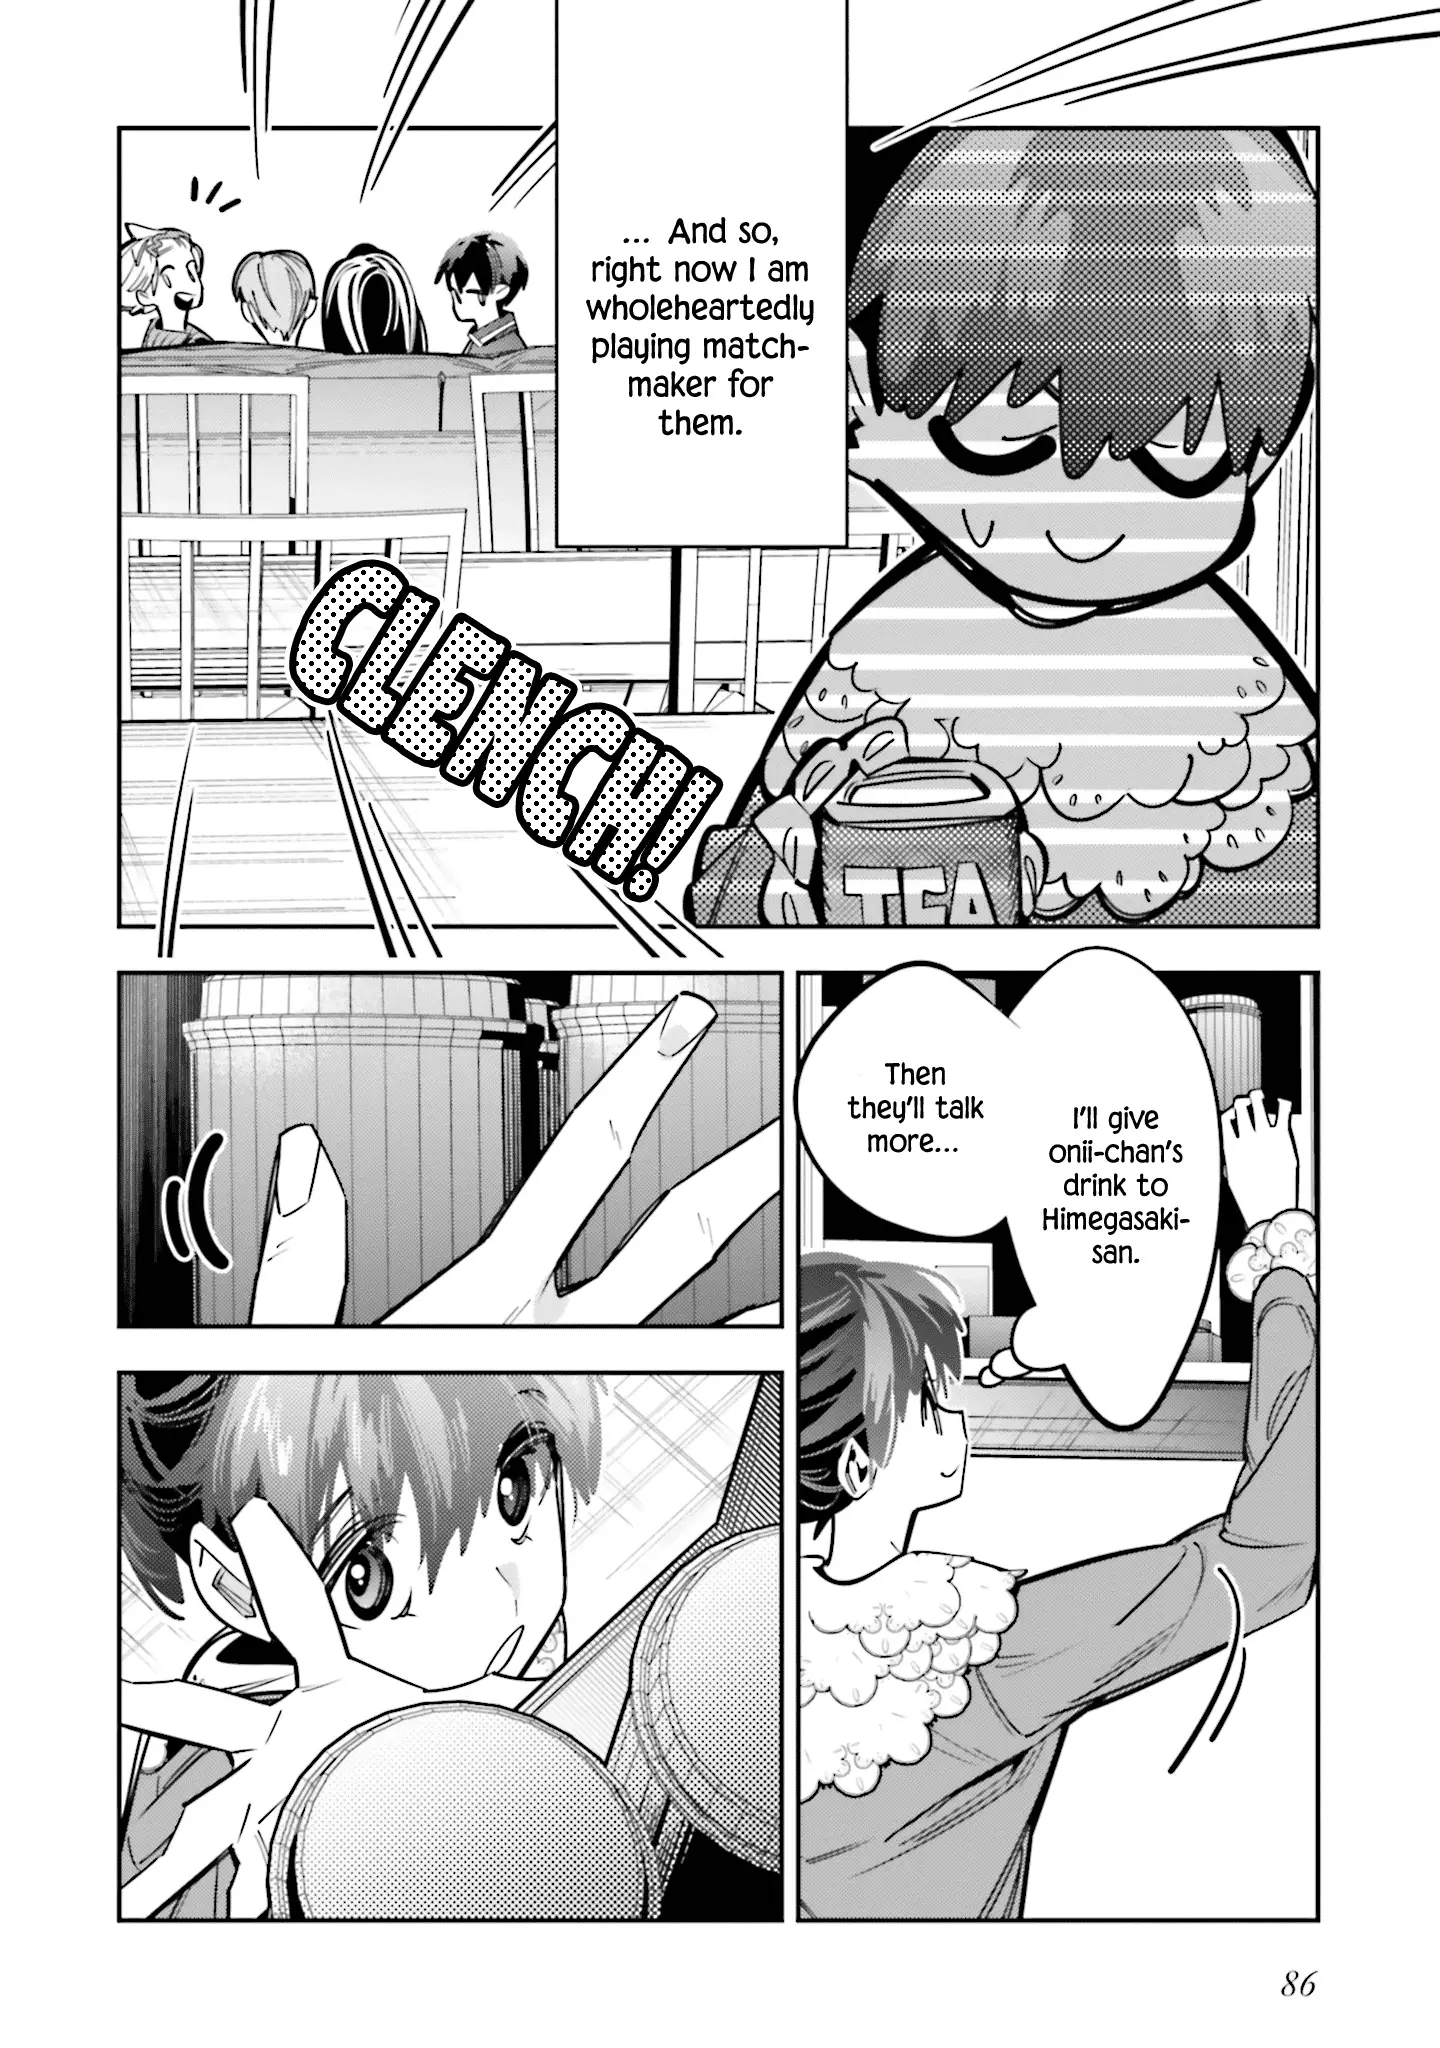 I Reincarnated As The Little Sister Of A Death Game Manga's Murder Mastermind And Failed - 7 page 16-70f2c1a7
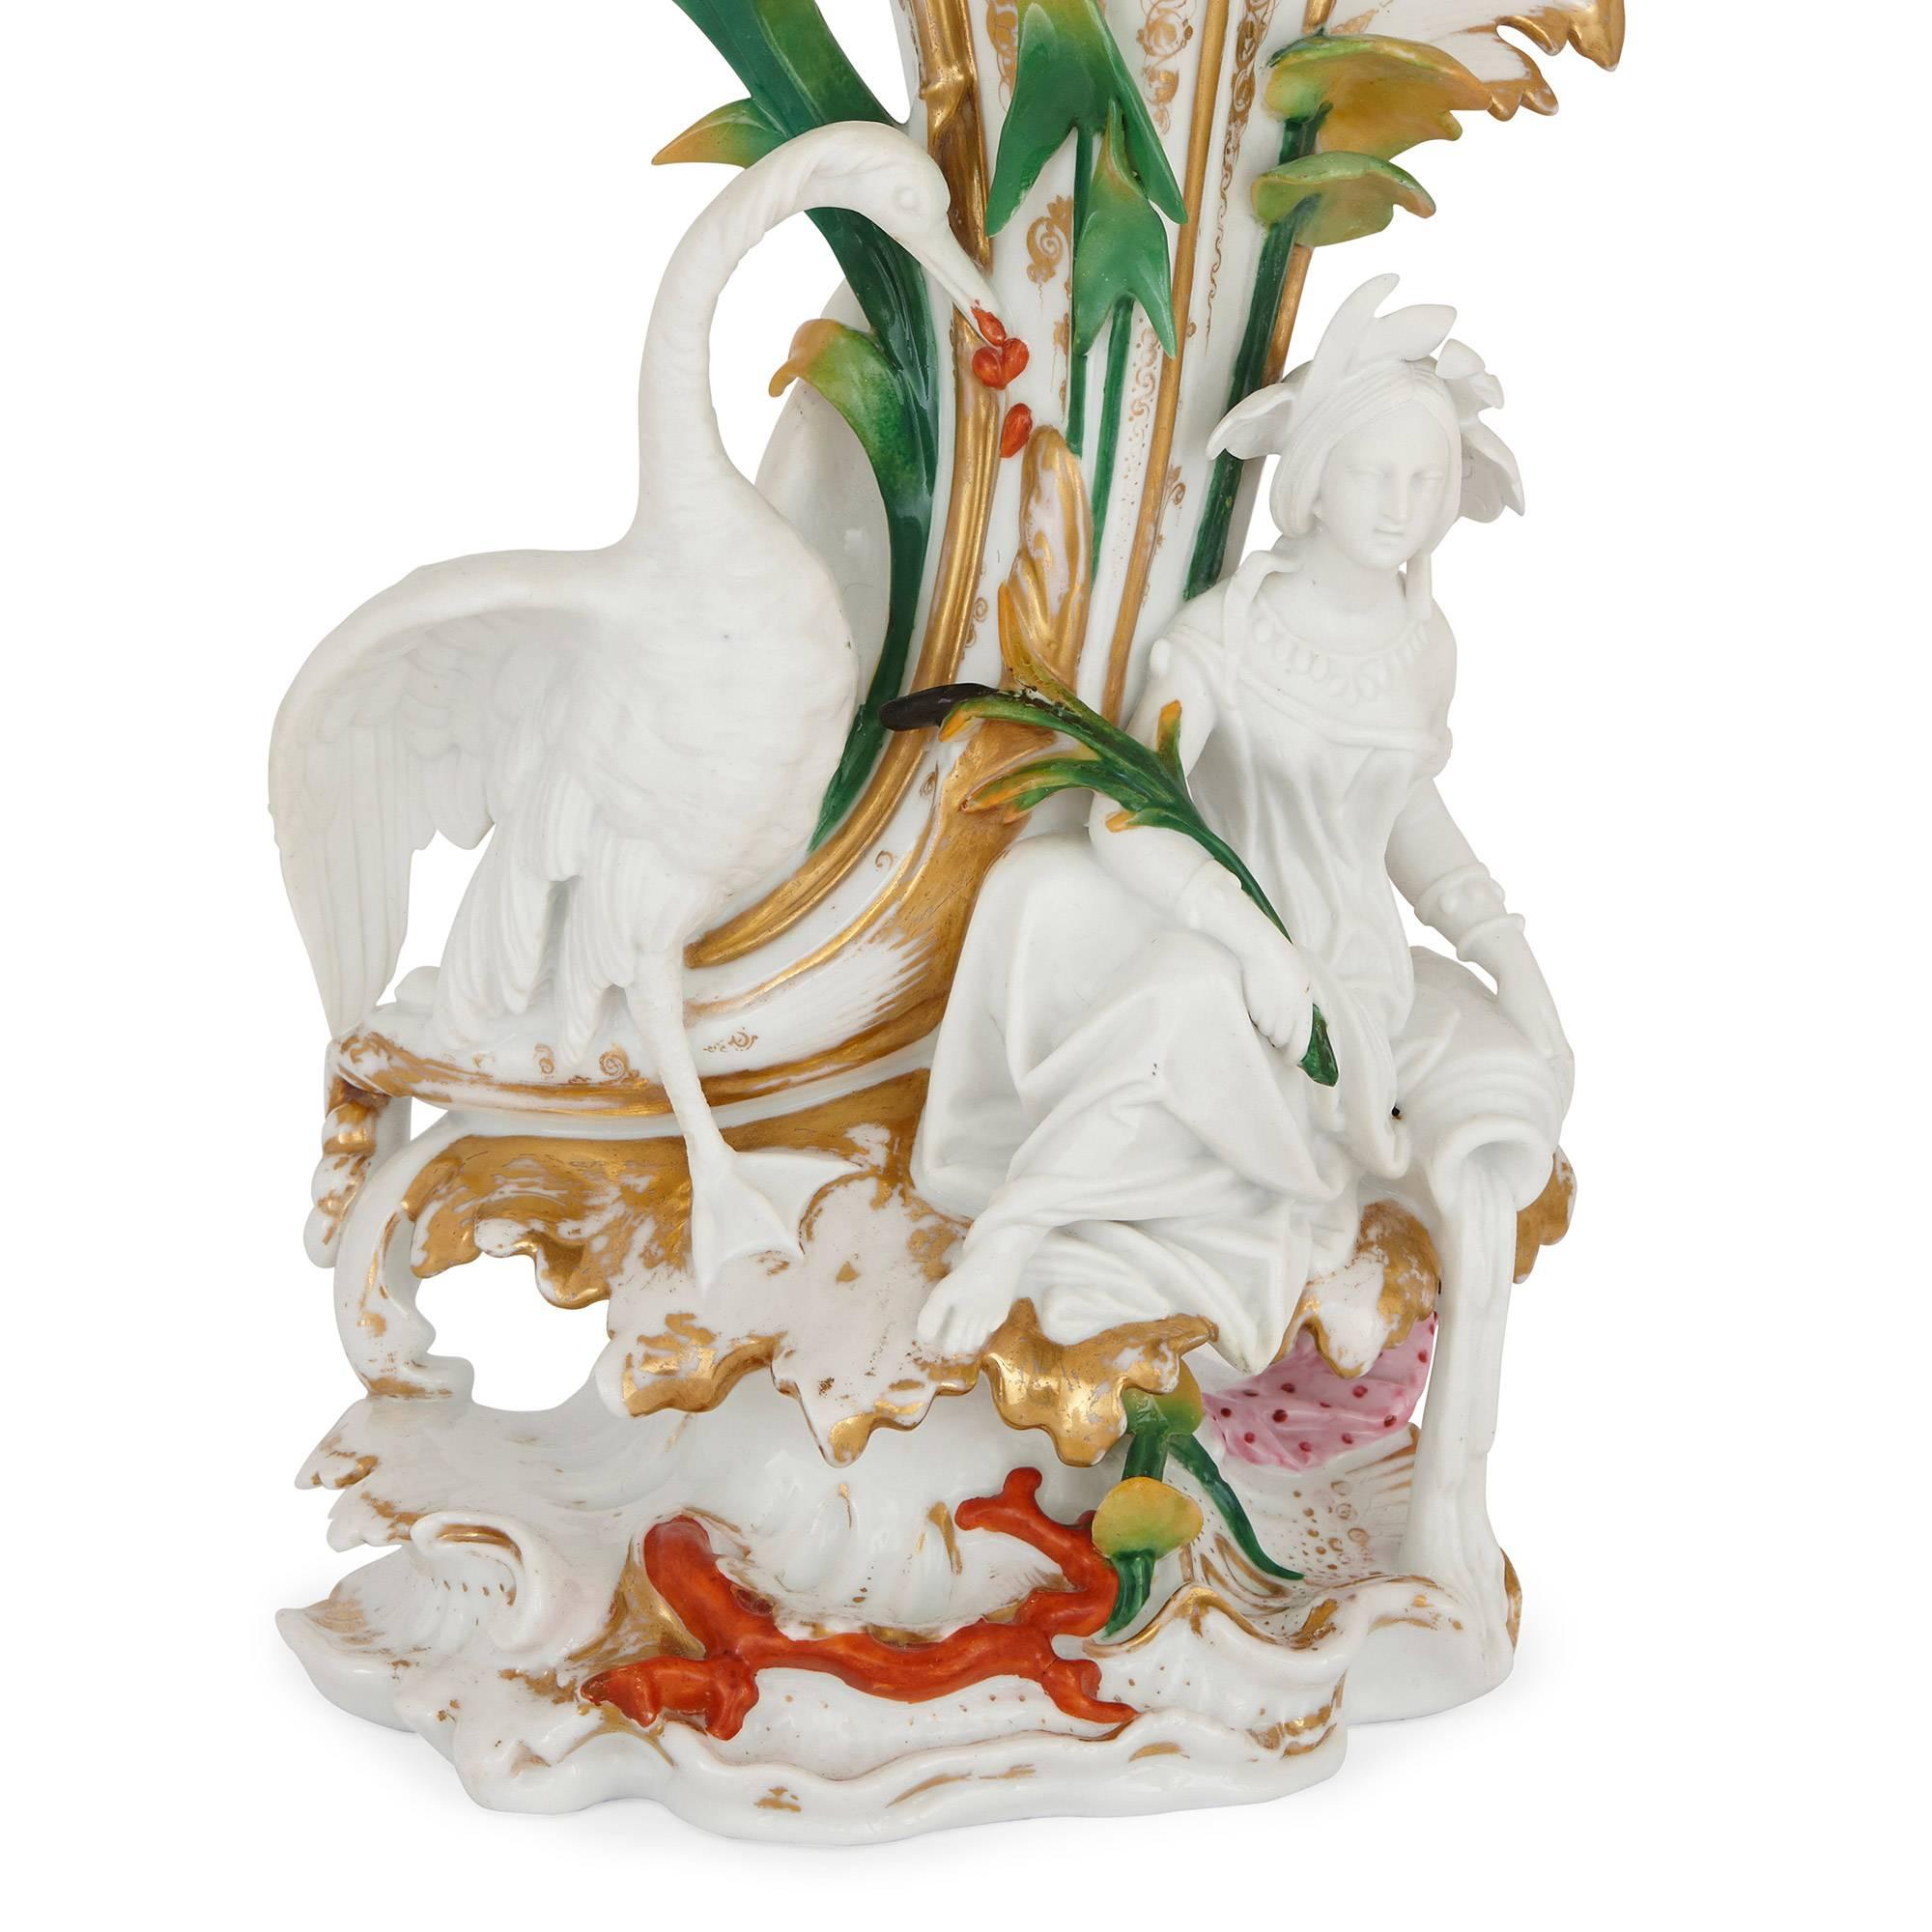 Each of trumpet shape with applied allegorical figures of Napoleon III.

These beautiful porcelain vases are distinctive for their bright, fresh color palette and trumpet shaped necks, conjuring images of floral abundance.

=-=-=-=-=

* TO DO: The listing above must be retyped word for word, without the pictures.

* FINISHED TASK:
 I Reincarnated As The Little Sister Of A Death Game Manga's Murder Mastermind And Failed - 7 page 16-70f2c1a7
 Each of trumpet shape with applied allegorical figures of Napoleon III.

These beautiful porcelain vases are distinctive for their bright, fresh color palette and trumpet shaped necks, conjuring images of floral abundance.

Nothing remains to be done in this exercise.